Pemerintahan Biden telah berupaya mengambil langkah-langkah untuk menurunkan tarif dalam periode mendatang, termasuk melalui pelepasan minyak dari Cadangan Minyak Strategis dan ancaman untuk melakukan lebih banyak lagi, jika diperlukan, untuk mengurangi harga bensin, yang bisa dibilang merupakan yang paling sensitif secara politik dan paling terhormat di AS.

Namun, meskipun pengeluaran telah menurun dalam tiga minggu terakhir, sebuah tren yang dirayakan oleh Kepala Staf Gedung Putih Ron Klain dalam sebuah cuitan pada hari Minggu, pengeluaran tersebut masih di atas level sebulan lalu dan 12 bulan lalu.

Biden, yang berupaya membedakan diri secara lebih tajam dari pihak oposisi, memperingatkan bahwa jika Partai Republik menguasai Kongres, AS berisiko mengalami bentrokan baru terkait pajak dan pengeluaran yang dapat menyebabkan bencana batas utang dan kehilangan talenta.

Tim Kaine, senator Demokrat dari Virginia, menekankan bahwa ia percaya ada kemungkinan para pemilih akan memberikan kesempatan kepada perayaan ulang tahunnya untuk membuktikan diri. “Mereka tahu bahwa tidak seorang pun dari kita memiliki tongkat ajaib. Mereka memiliki konsep yang berbeda tentang apa penjelasannya, dan saya percaya mereka mungkin menerima kekhawatiran internasional yang paling besar. Tetapi yang mereka inginkan adalah Kongres yang berusaha untuk merespons.”

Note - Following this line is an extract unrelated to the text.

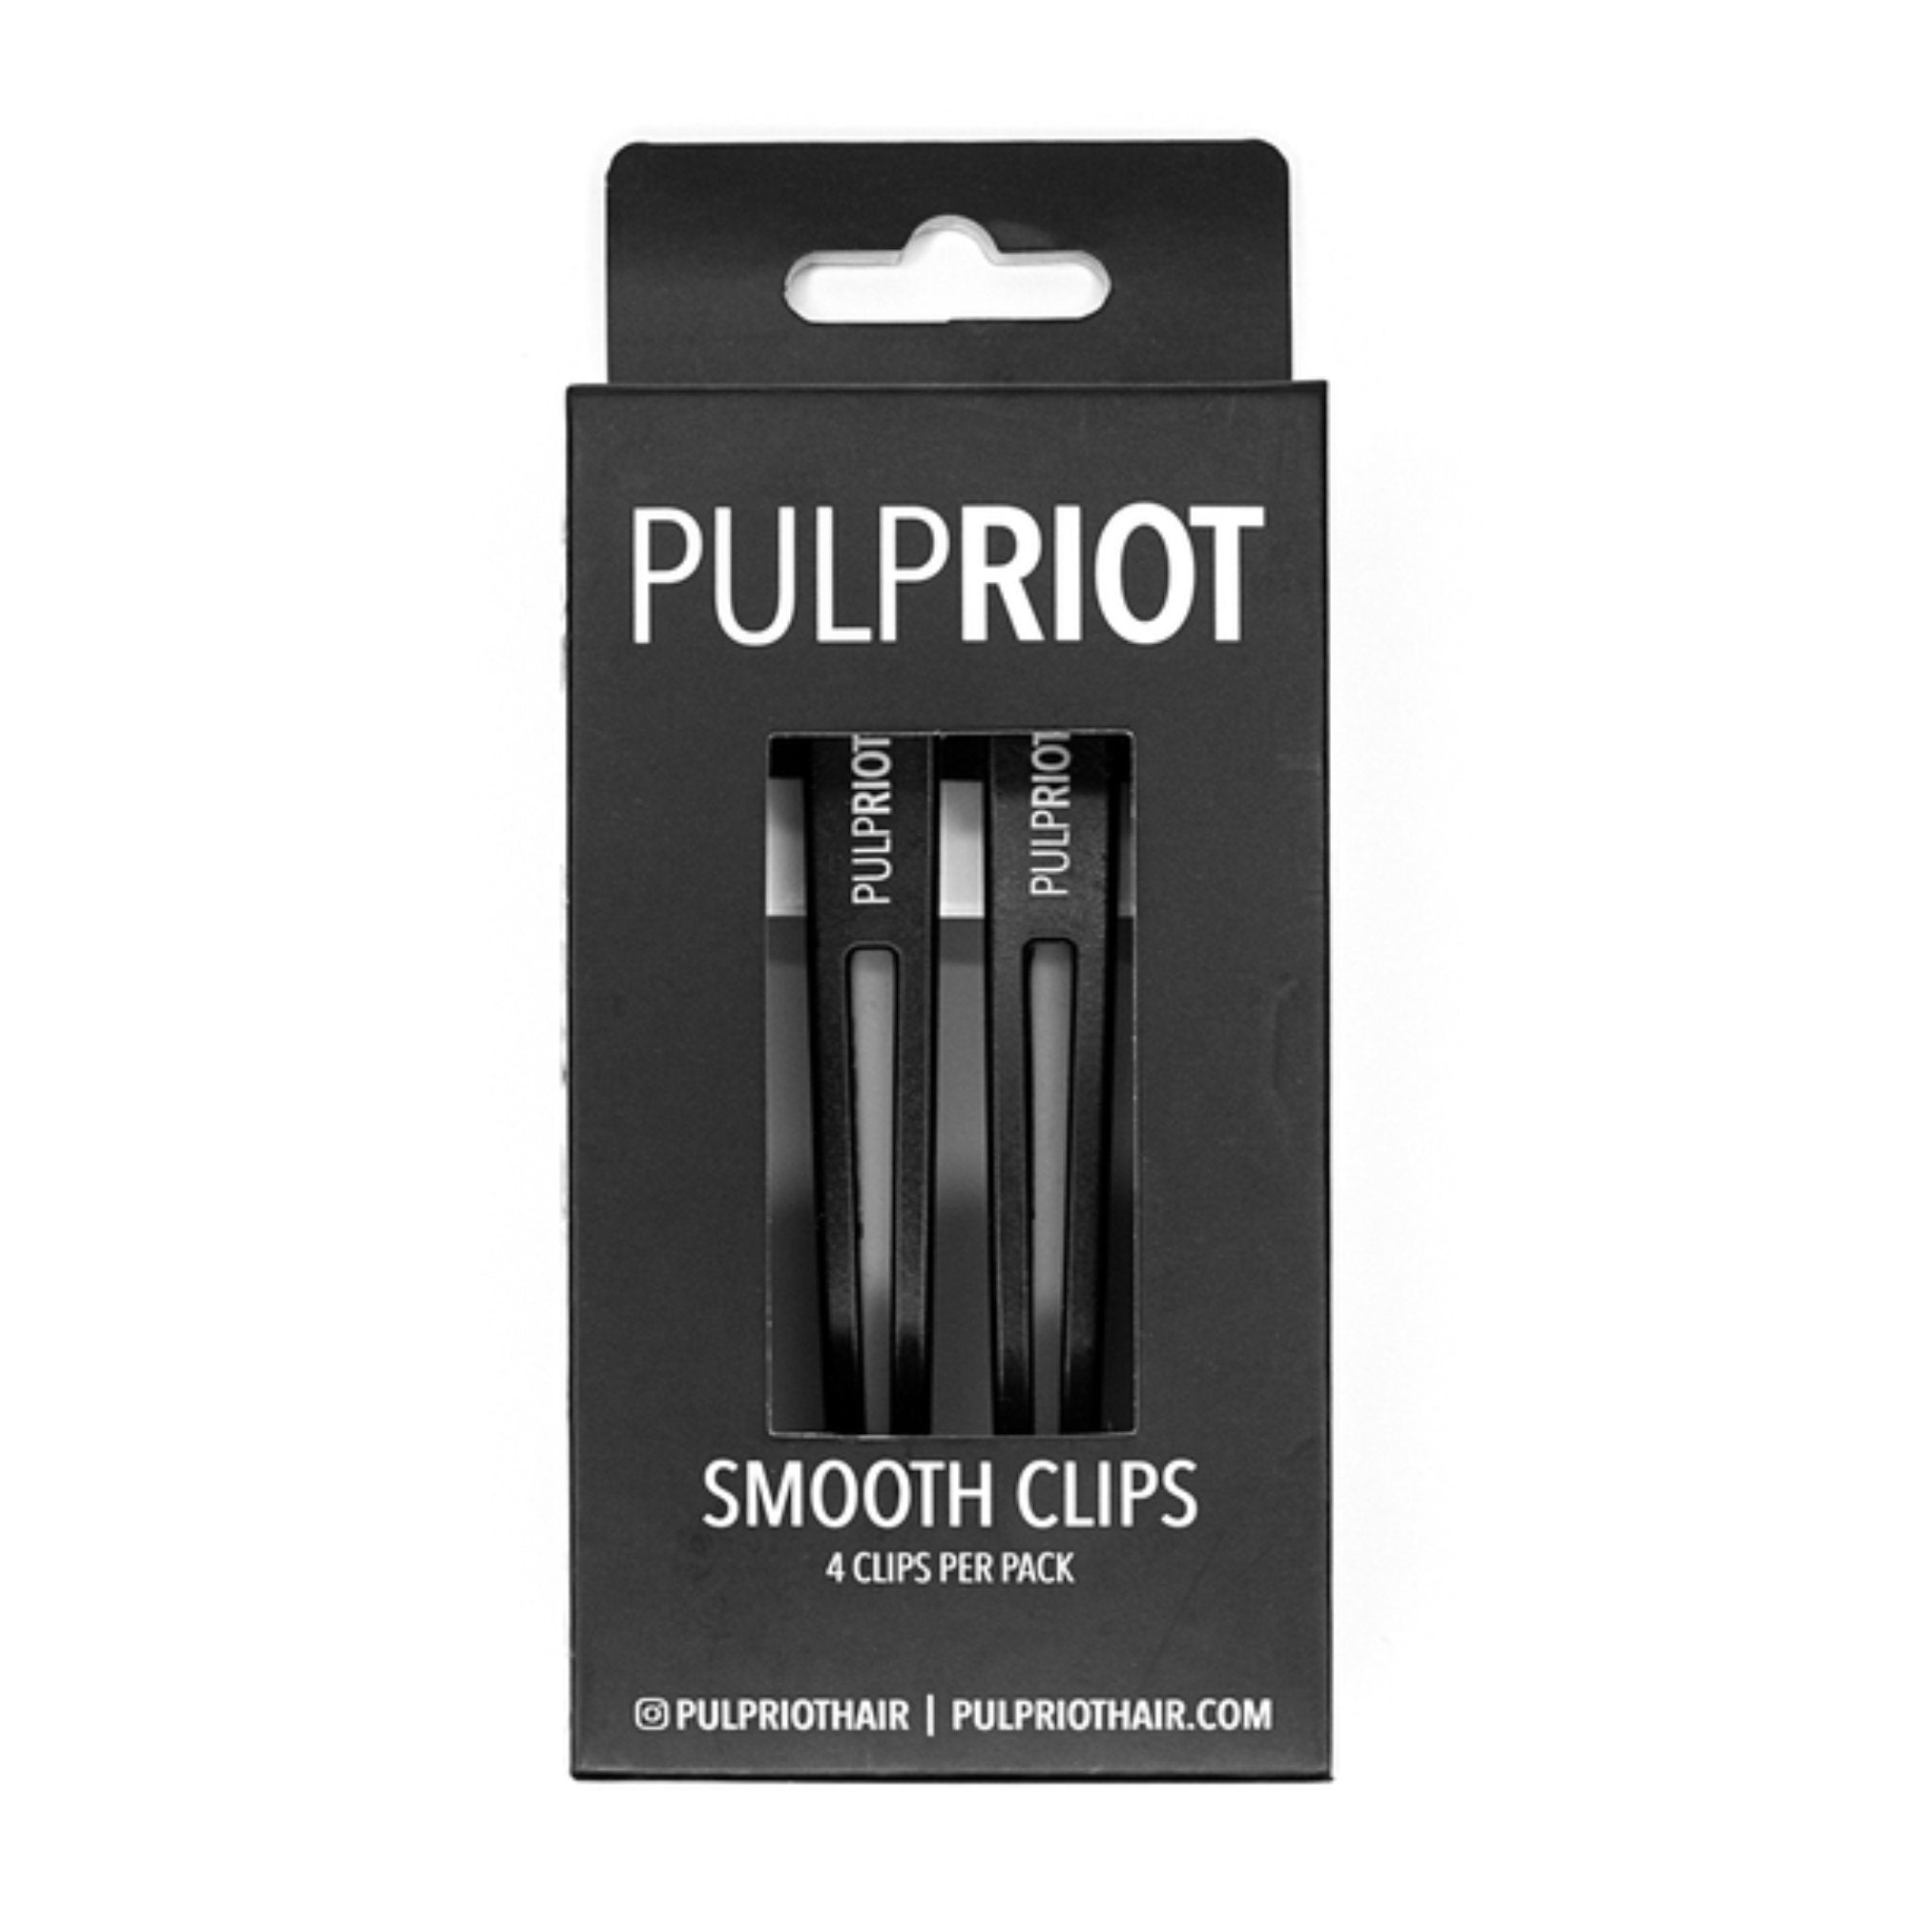 Pulp Riot. Pinces lisses noir - Concept C. Shop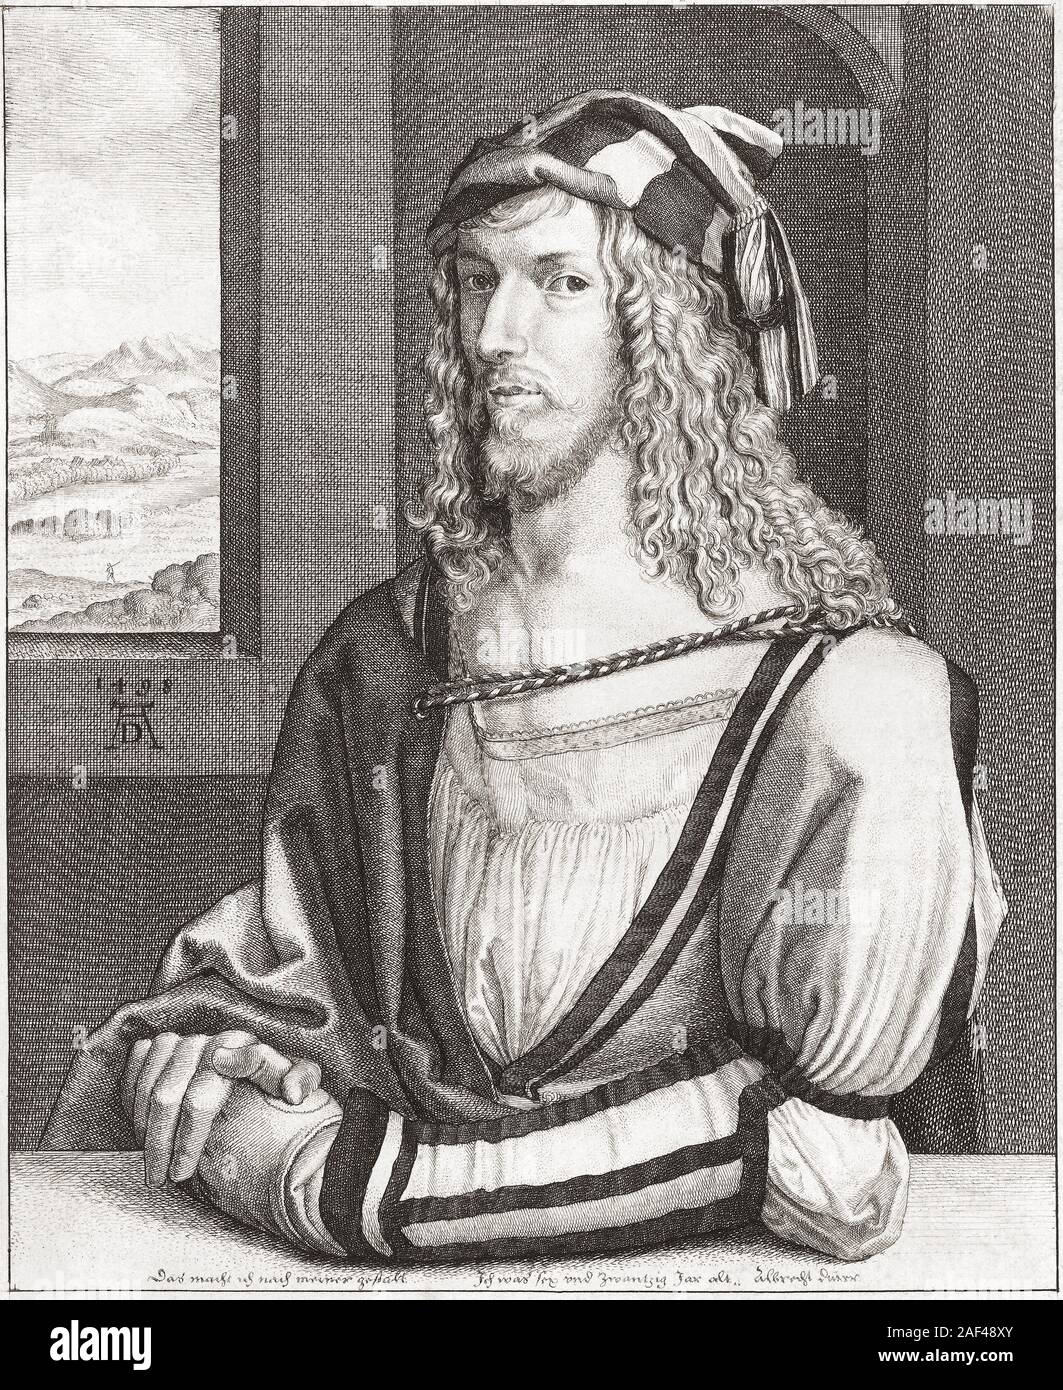 Albrecht Dürer, 1471 - 1528. German painter, printmaker and theorist. Engraving by Wenceslaus Hollar after Durer’s self portrait. Stock Photo

Namun, beberapa analis politik memperingatkan bahwa penyesuaian kembali pesan ekonomi mungkin sudah terlambat. “Ini jelas agak canggung: mereka mencoba mempromosikan strategi kampanye 2020 atau 2021 mereka ke suasana yang berbeda di tahun 2022, dan itu tidak berhasil,” kata Ben Koltun dari Beacon Policy Advisors.

Jéssica Esteves
Jessica Esteves
Nama saya Jéssica Esteves, dan saya seorang penulis jurnalistik sejak tahun 2021. Saya tinggal di Itu, São Paulo, dan berusia 28 tahun. Saya bekerja di bidang blog, menulis artikel tentang teknologi, kesejahteraan, dan gaya hidup, selalu berusaha memberikan nilai tambah bagi kehidupan orang lain. Tulisan saya jelas dan mudah dipahami, hasil dari riset yang cermat. Saya sangat menyukai kucing, yang memberi saya inspirasi dan kegembiraan. Saya berdedikasi untuk berkontribusi positif pada komunitas online, menciptakan konten yang berfungsi sebagai alat nyata untuk transformasi dan pertumbuhan pribadi bagi para pembaca saya.